**Goal of the exercise:** Reproduce the whole listing below without its pictures, exactly as written.
*** Opening of Stored data ***
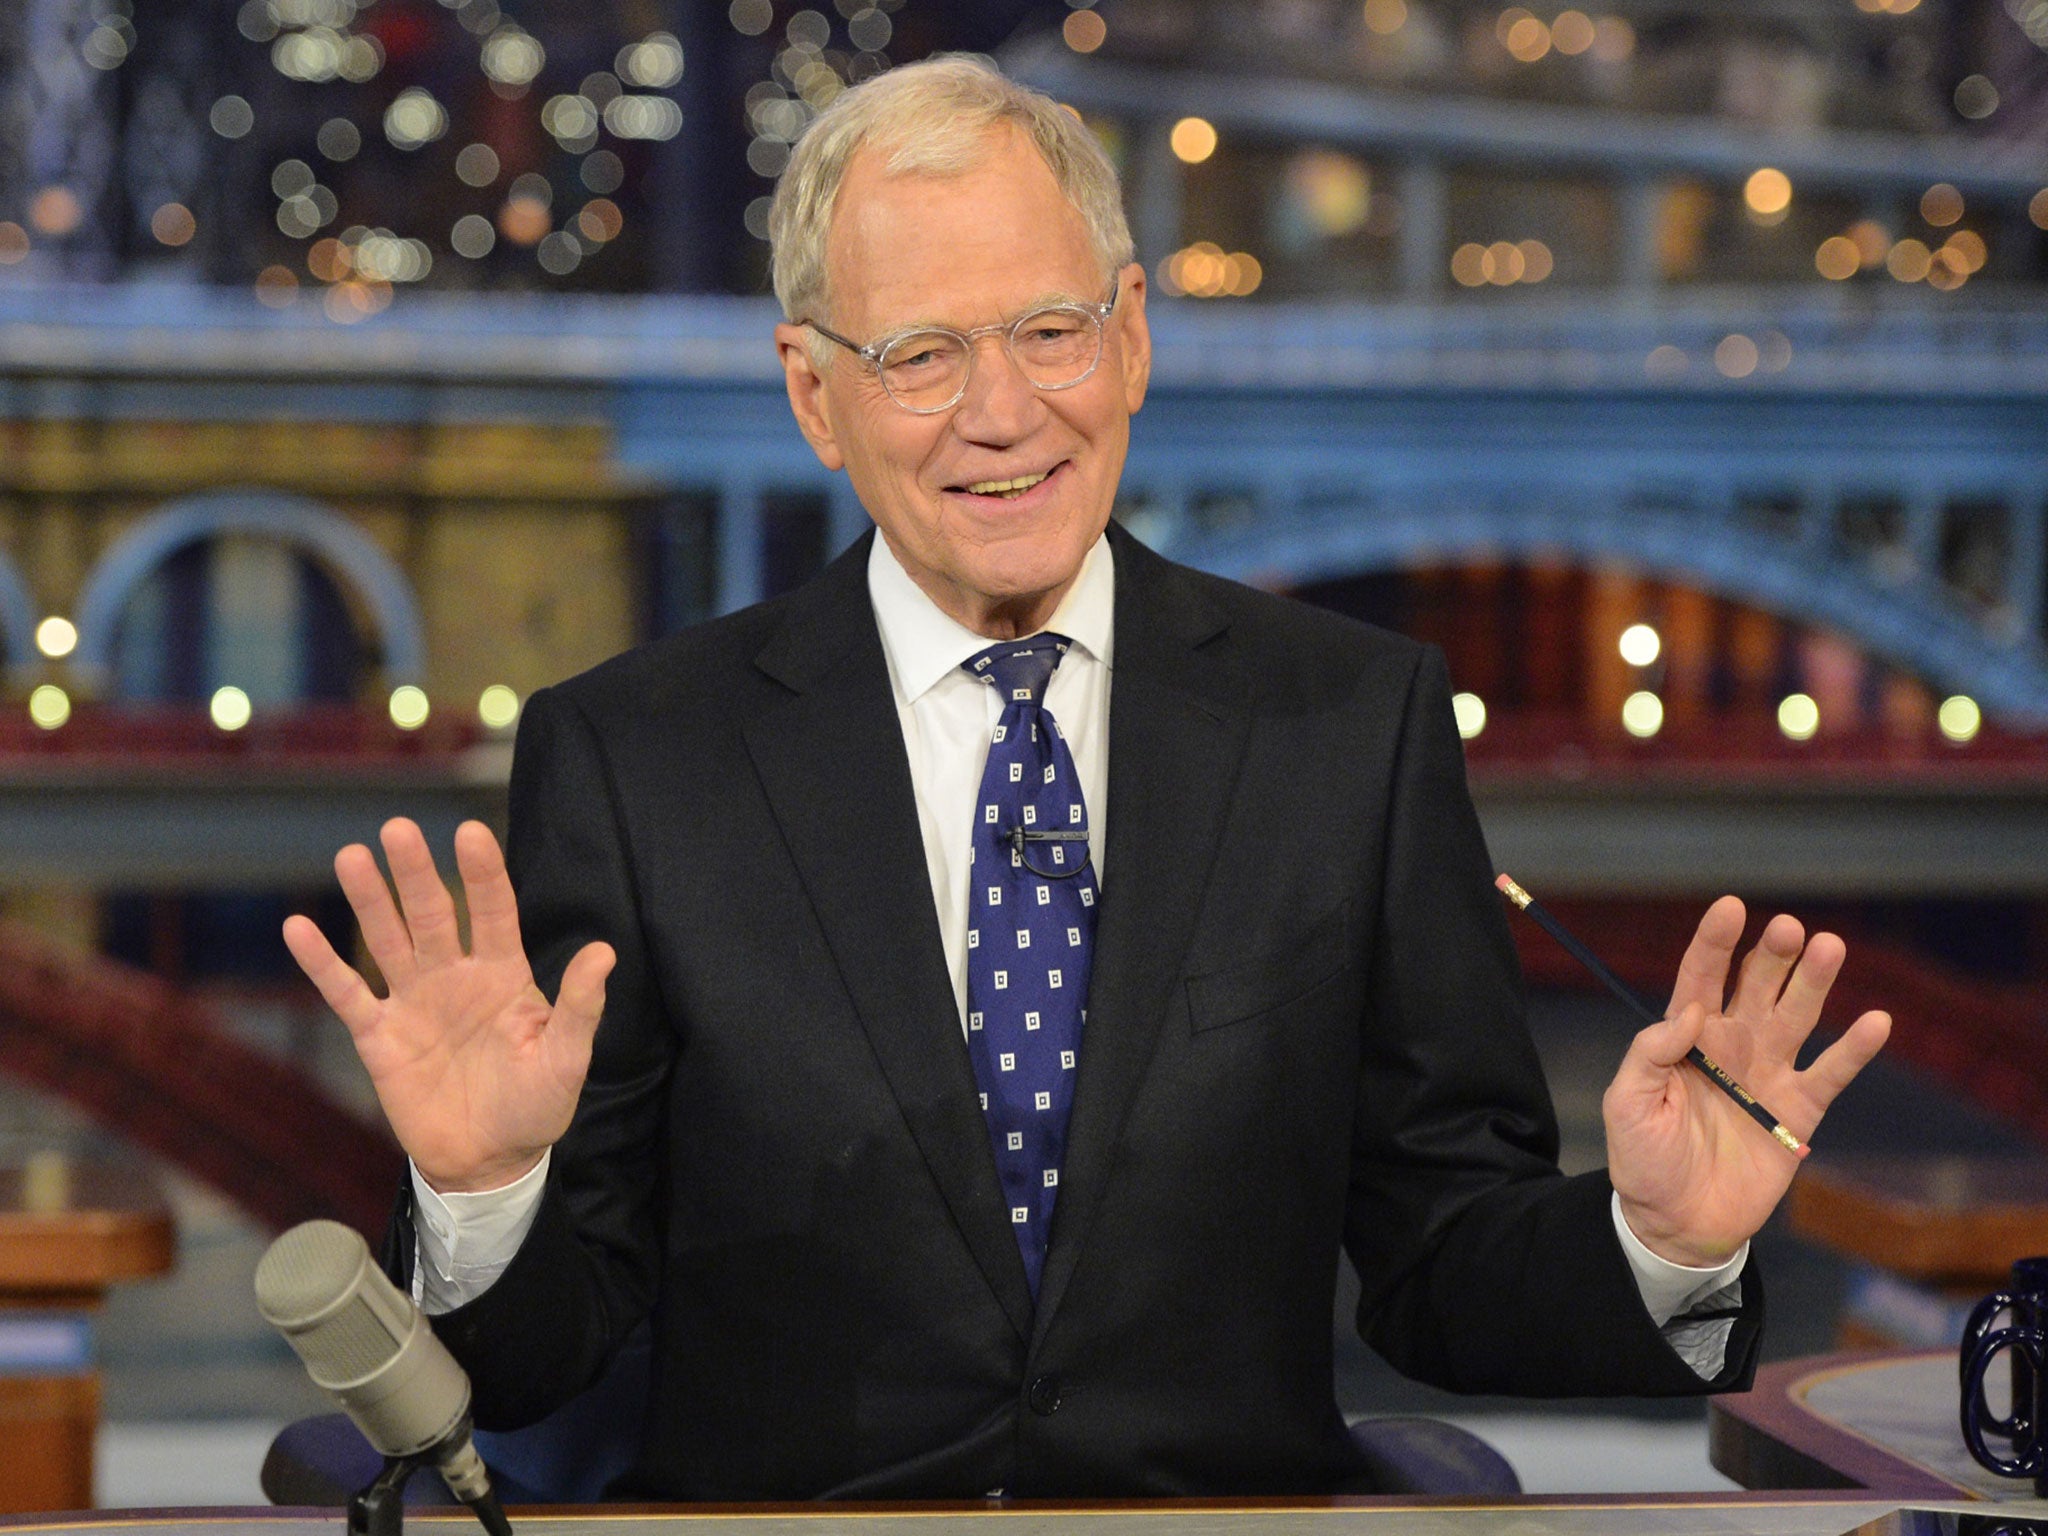 Plaudits: Letterman hosted The Late Show for 33 years
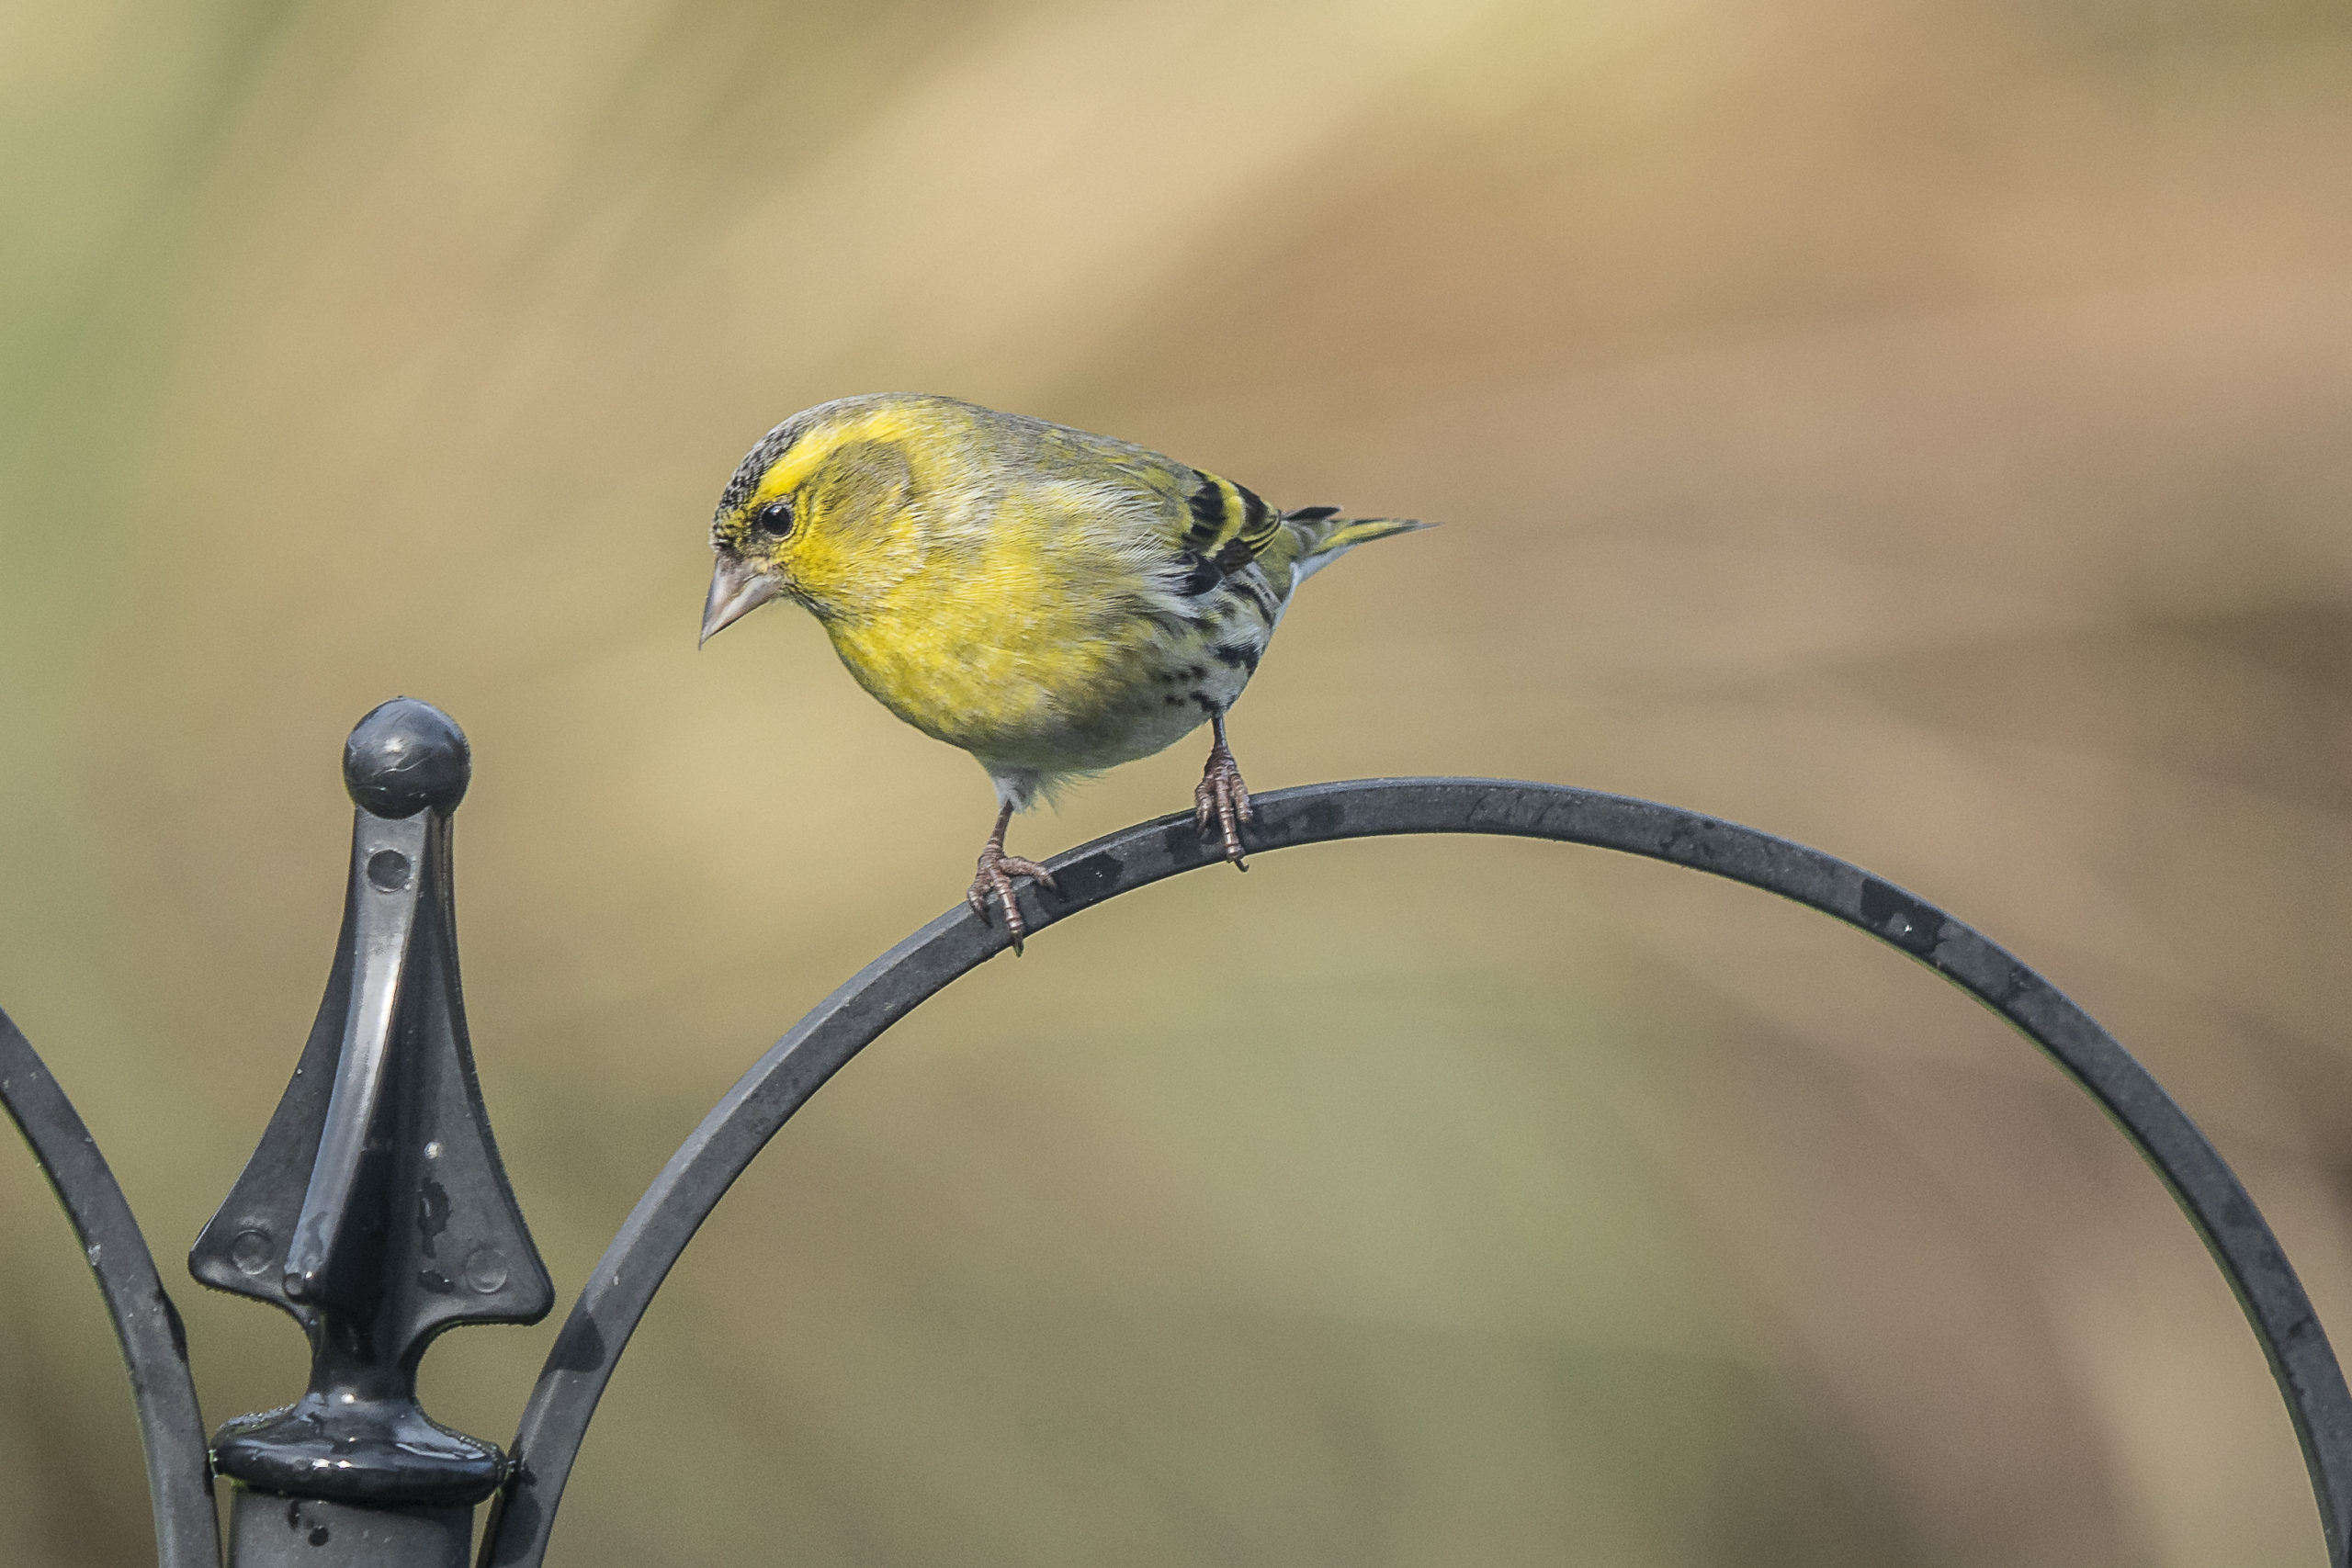 David Lawson's picture of a yellow siskin.
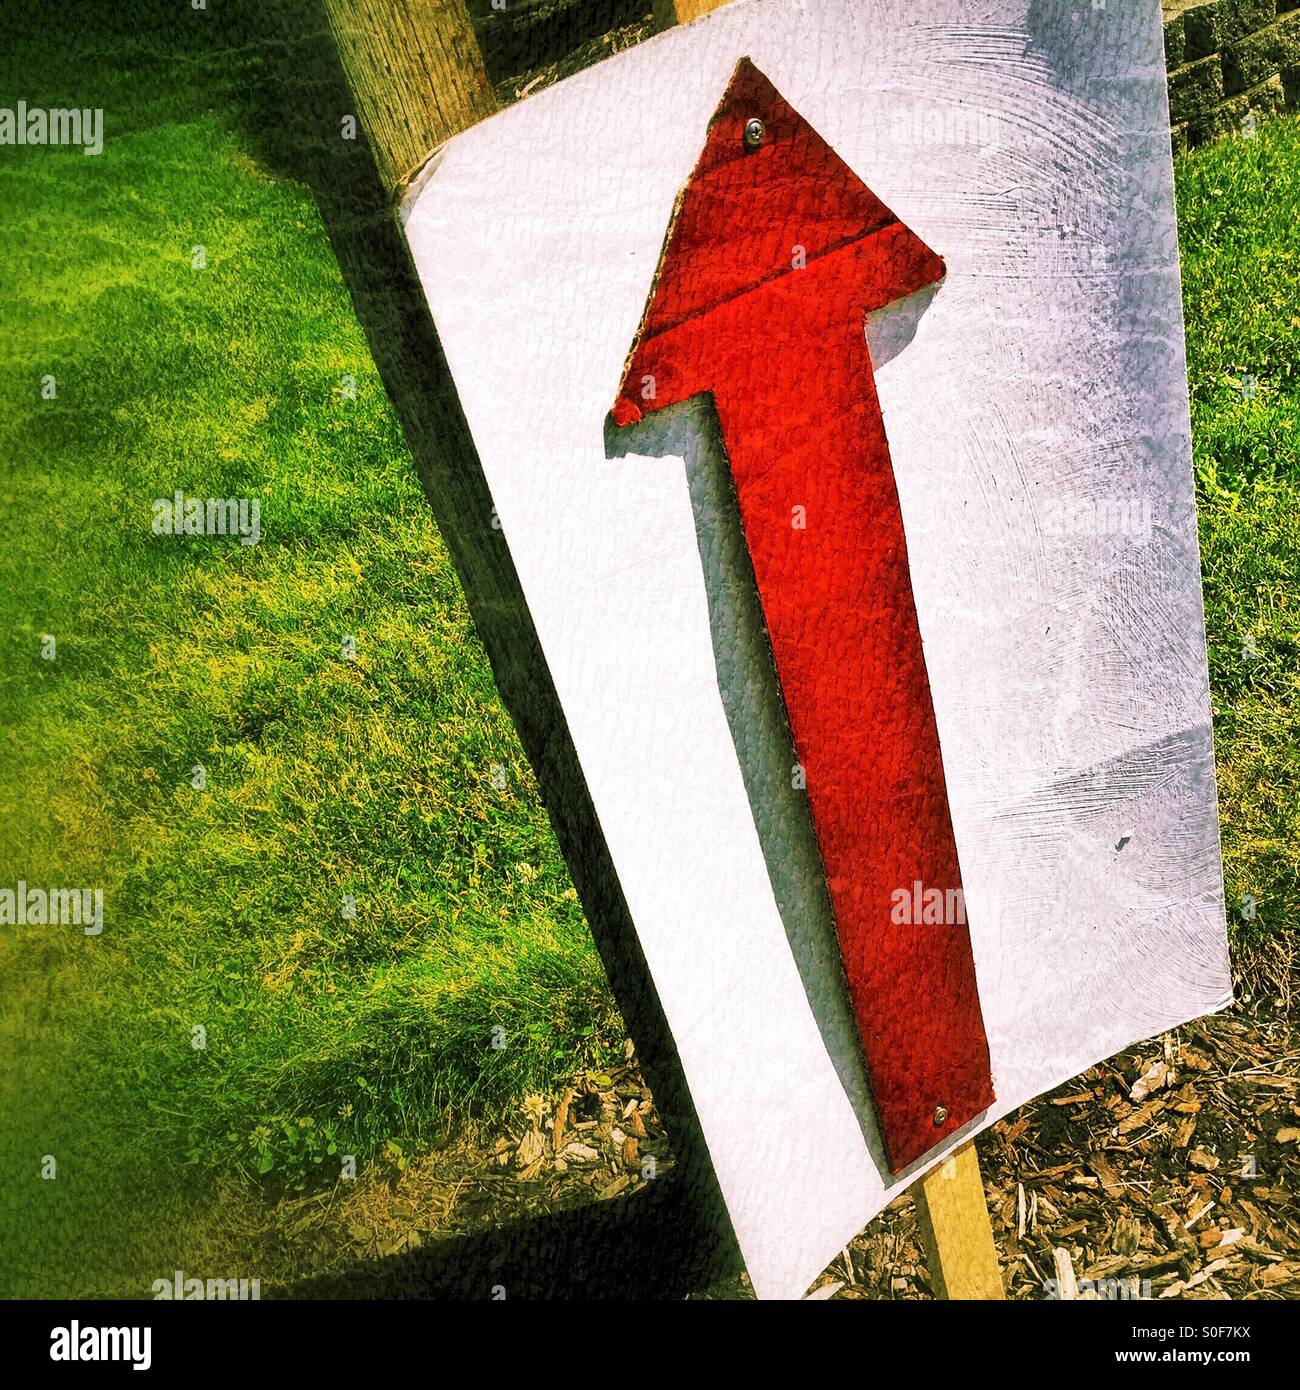 A red arrow on a roadside sign points the way to go. Stock Photo
*** Close of Stored data ***
**Response area:**
 Plaudits: Letterman hosted The Late Show for 33 years
 David Lawson's picture of a yellow siskin.
 A red arrow on a roadside sign points the way to go. Stock Photo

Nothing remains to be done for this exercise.